**YOUR TASK**
Please produce a character-exact copy of the listing that follows, omitting all images.

== STORED DATA ==

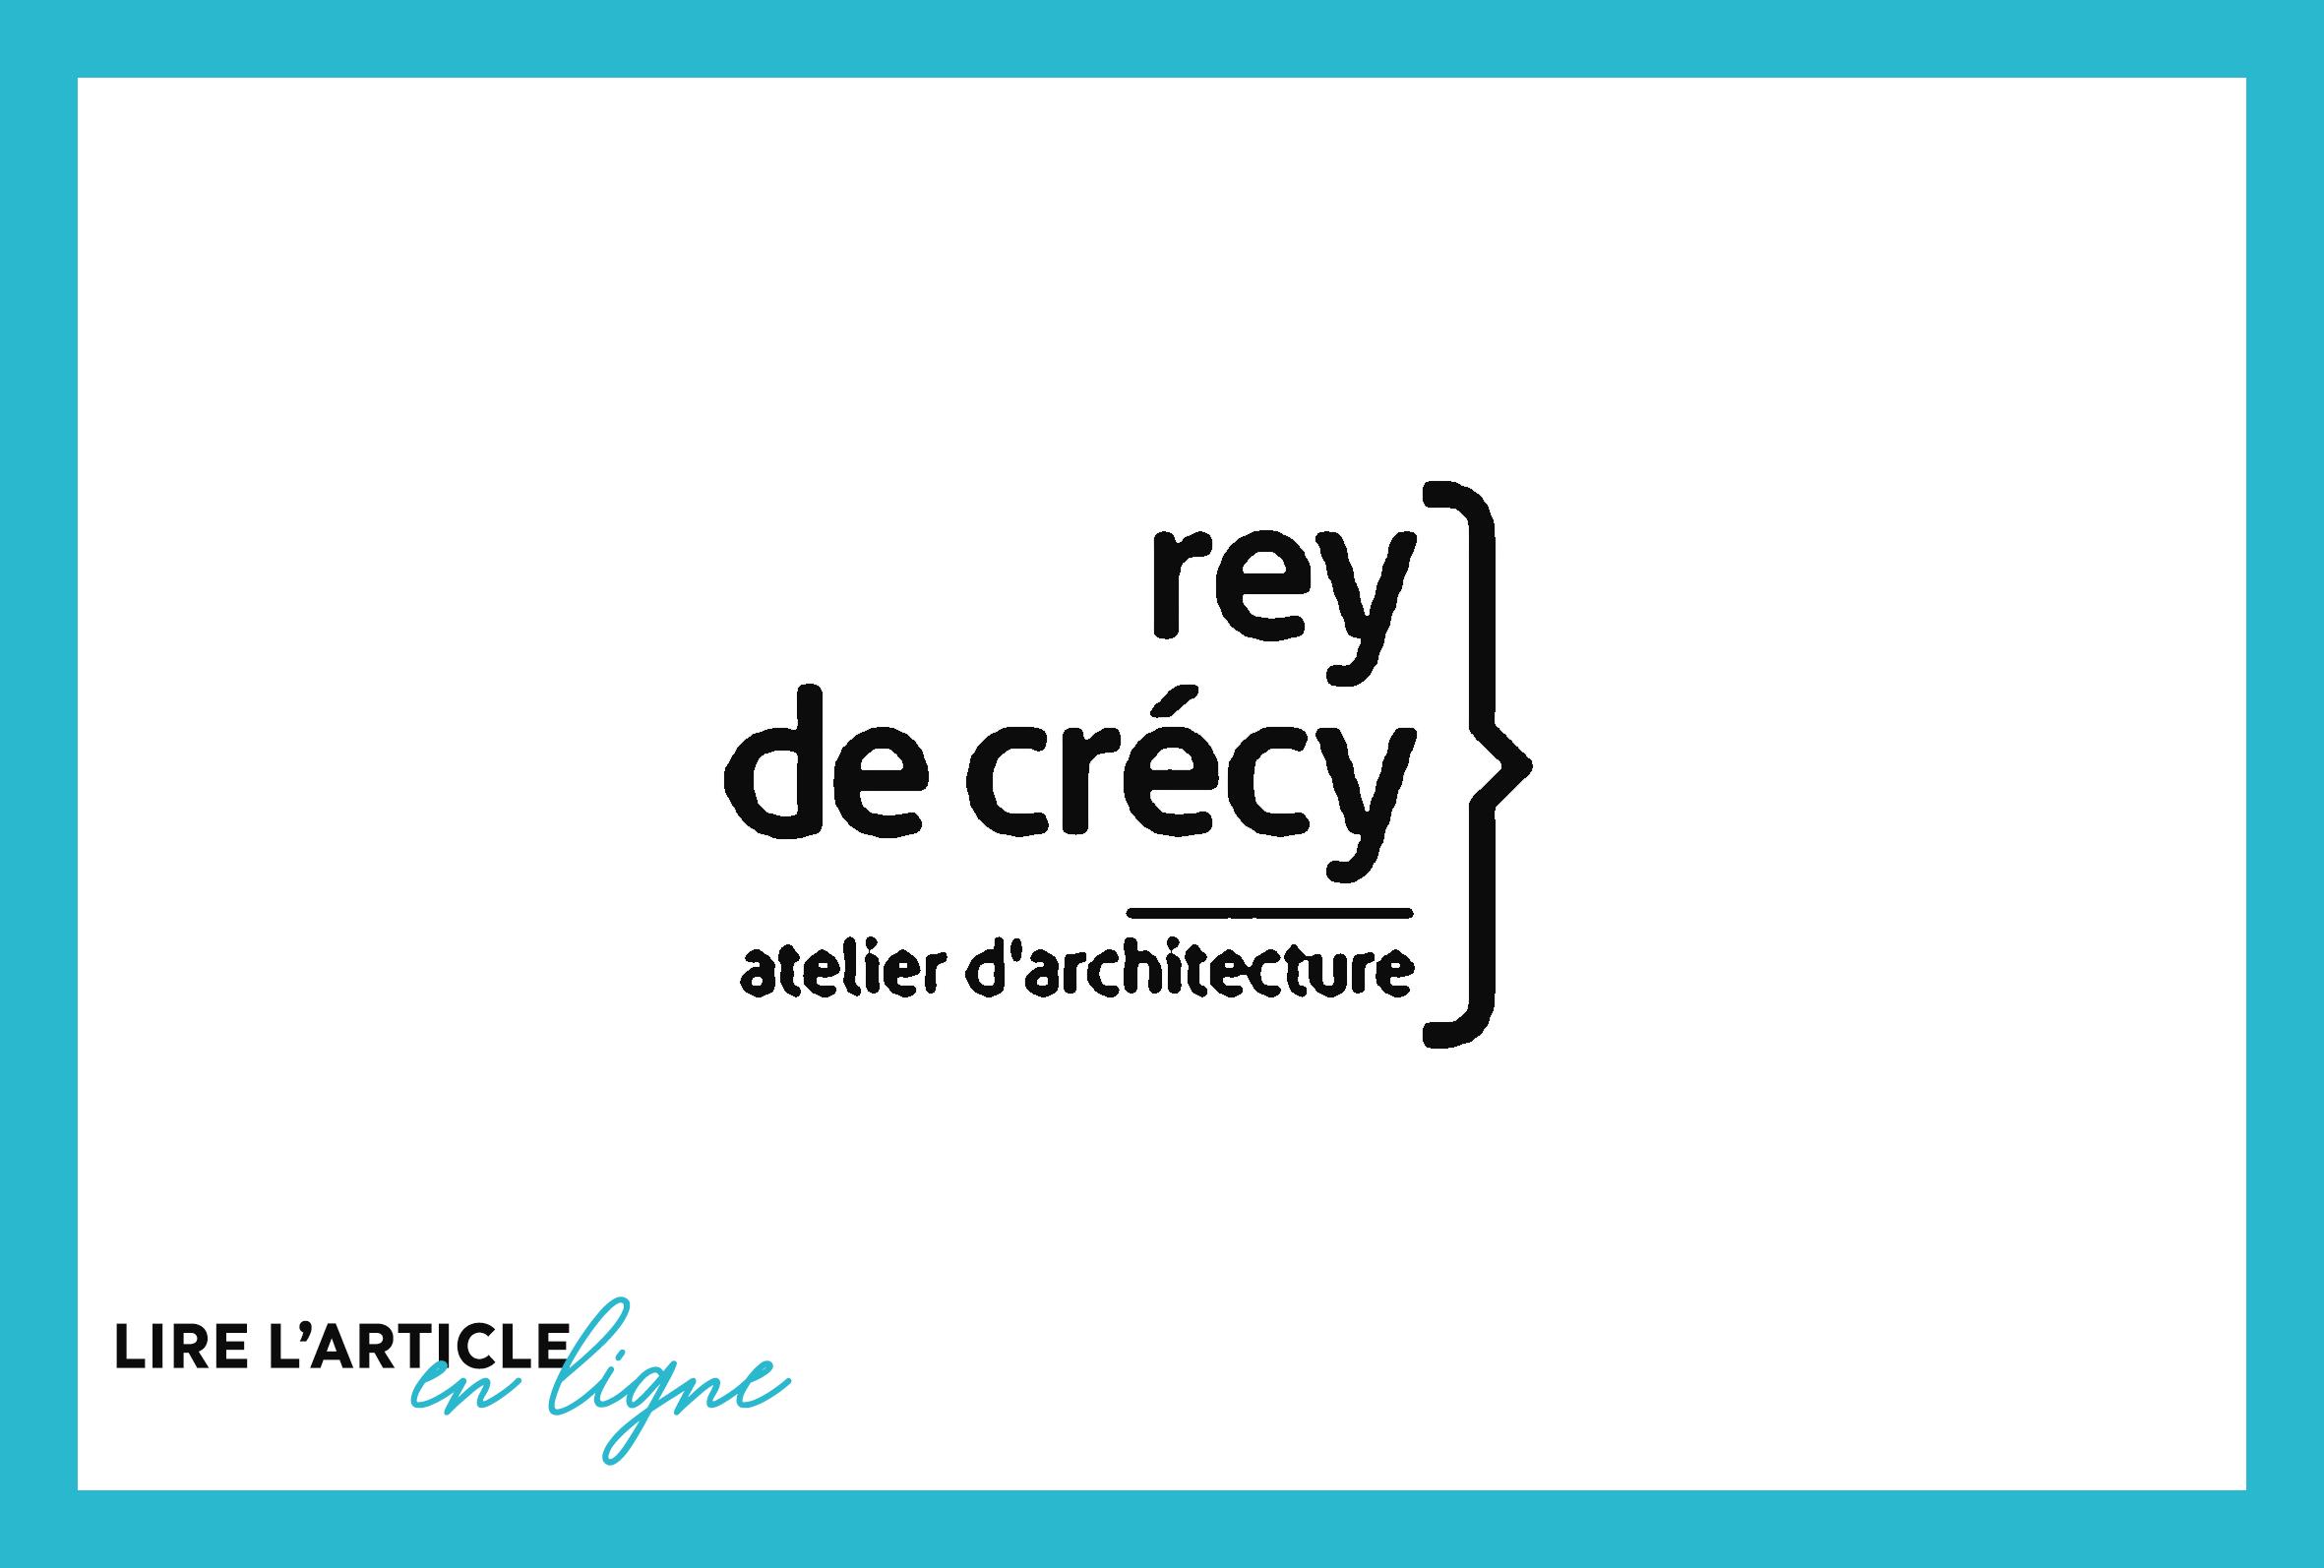 RCA - REY DE CRÉCY
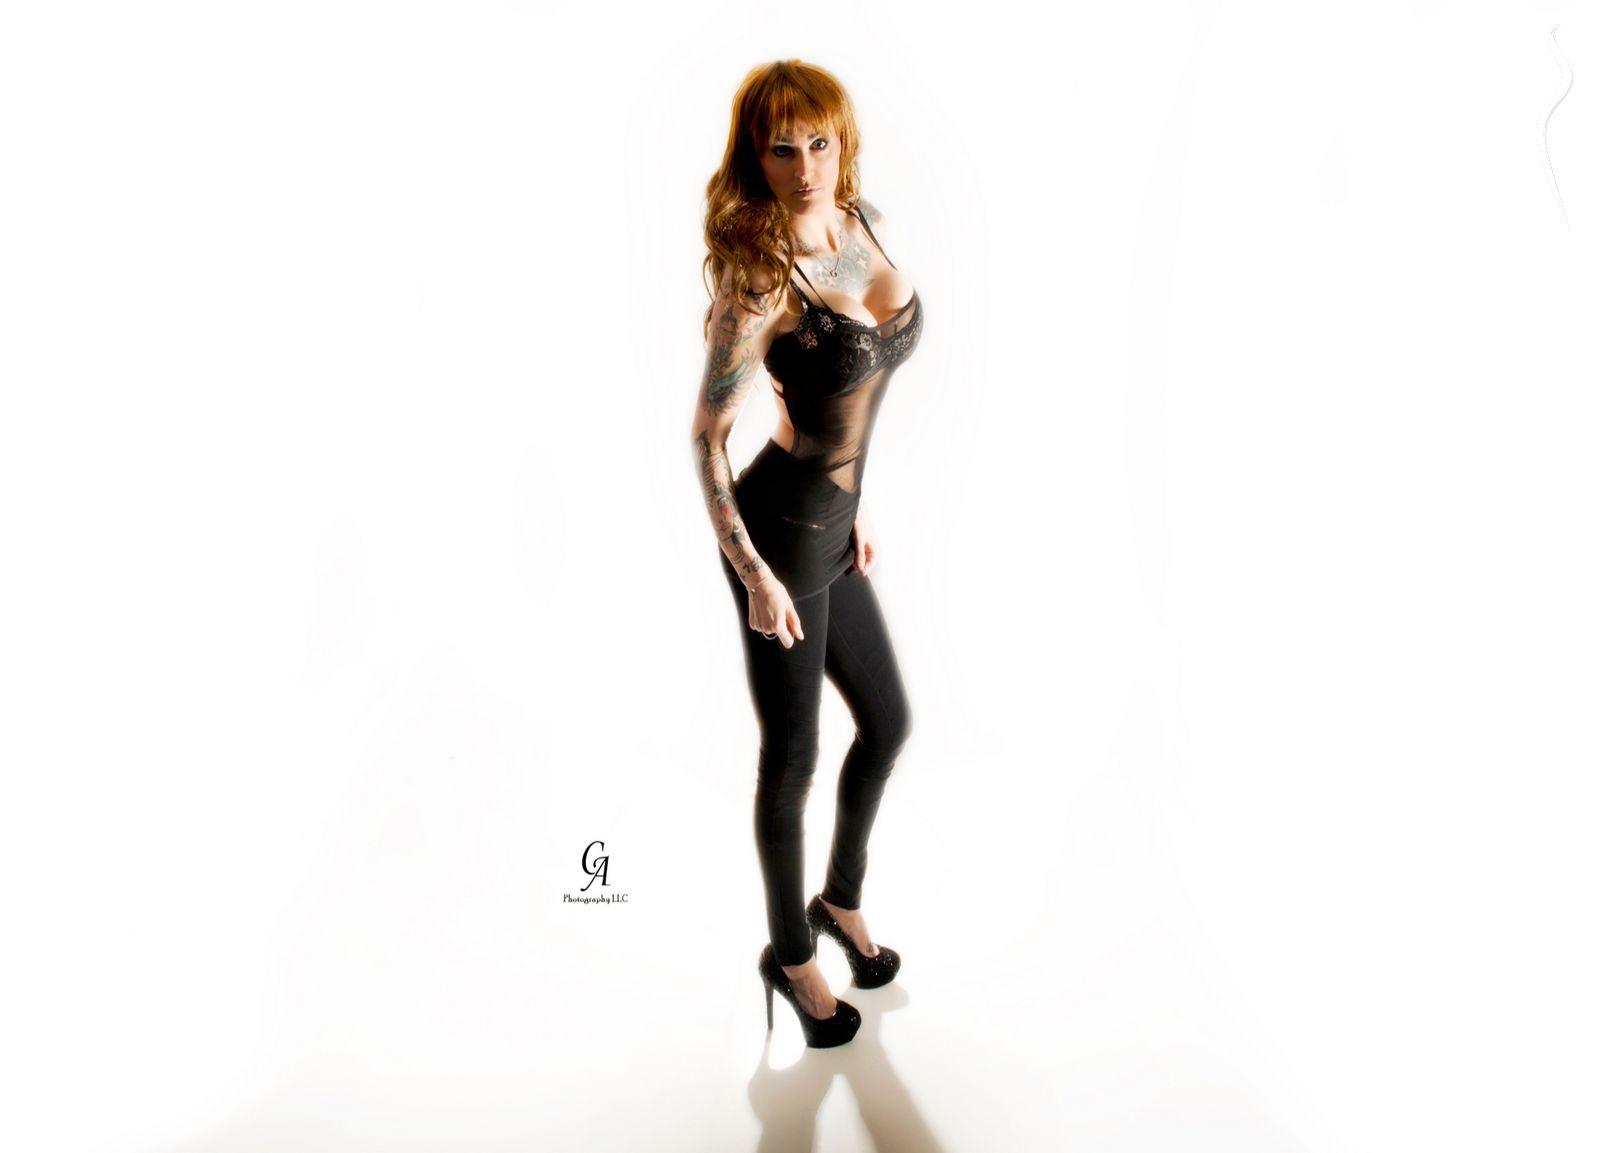 Lillie Nyx Nude Photos 55
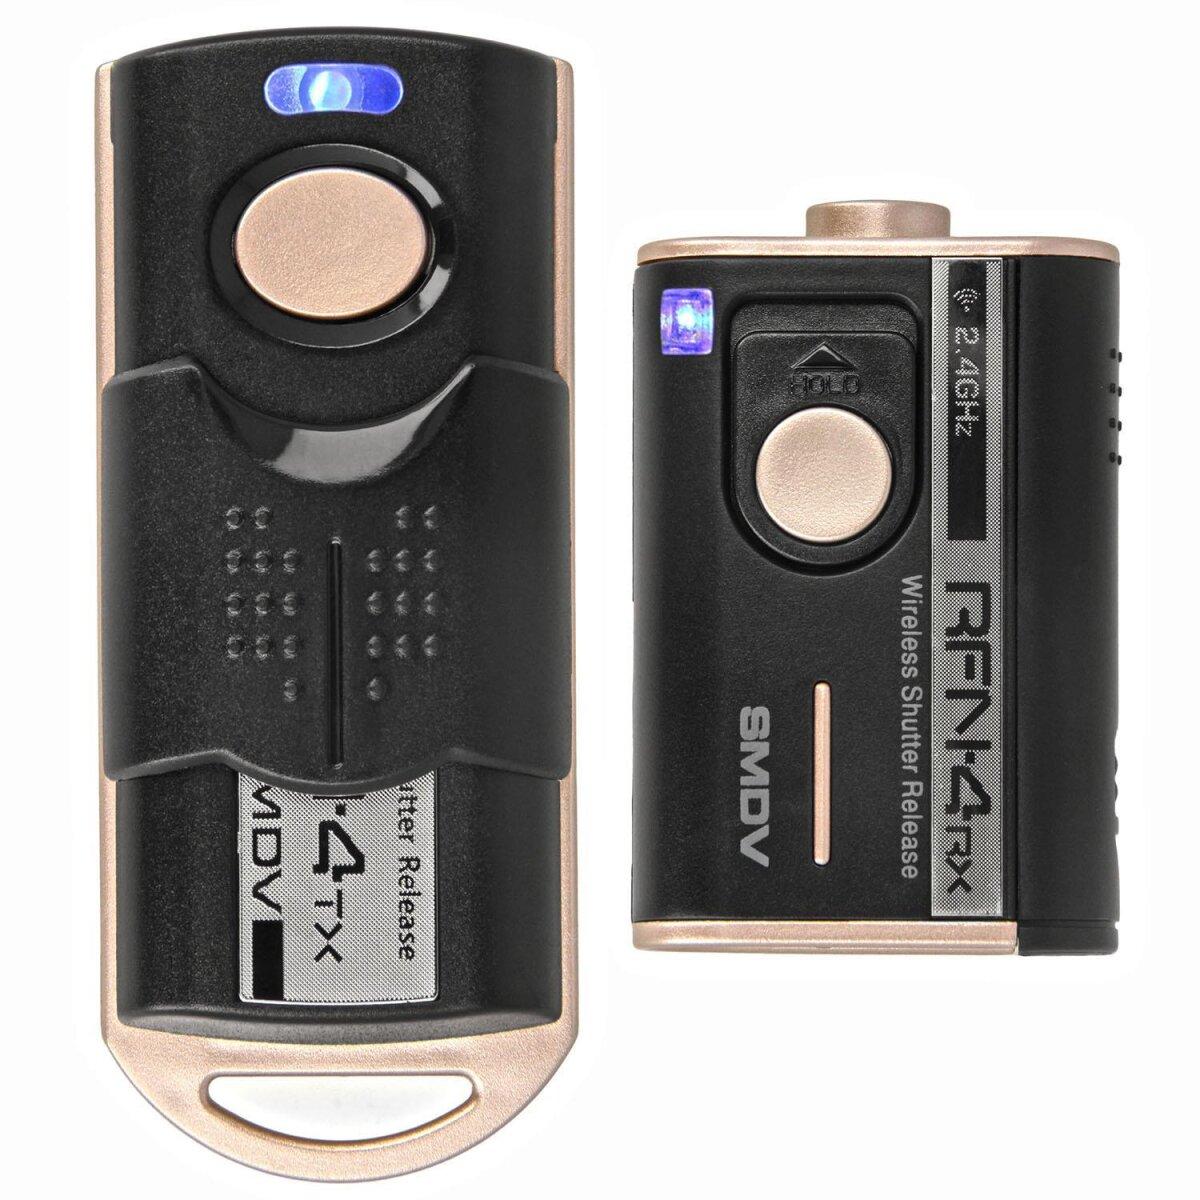 Impulsfoto SMDV RFN-4 RF-908 Kamera Fernauslöser, Kompatibel mit Nikon Kameras , 2,4Ghz, 16 Kanäle, Reichweite bis 100m

===

**EXERCISE ANSWER**
 RCA - REY DE CRÉCY
 Lillie Nyx Nude Photos 55
 Impulsfoto SMDV RFN-4 RF-908 Kamera Fernauslöser, Kompatibel mit Nikon Kameras , 2,4Ghz, 16 Kanäle, Reichweite bis 100m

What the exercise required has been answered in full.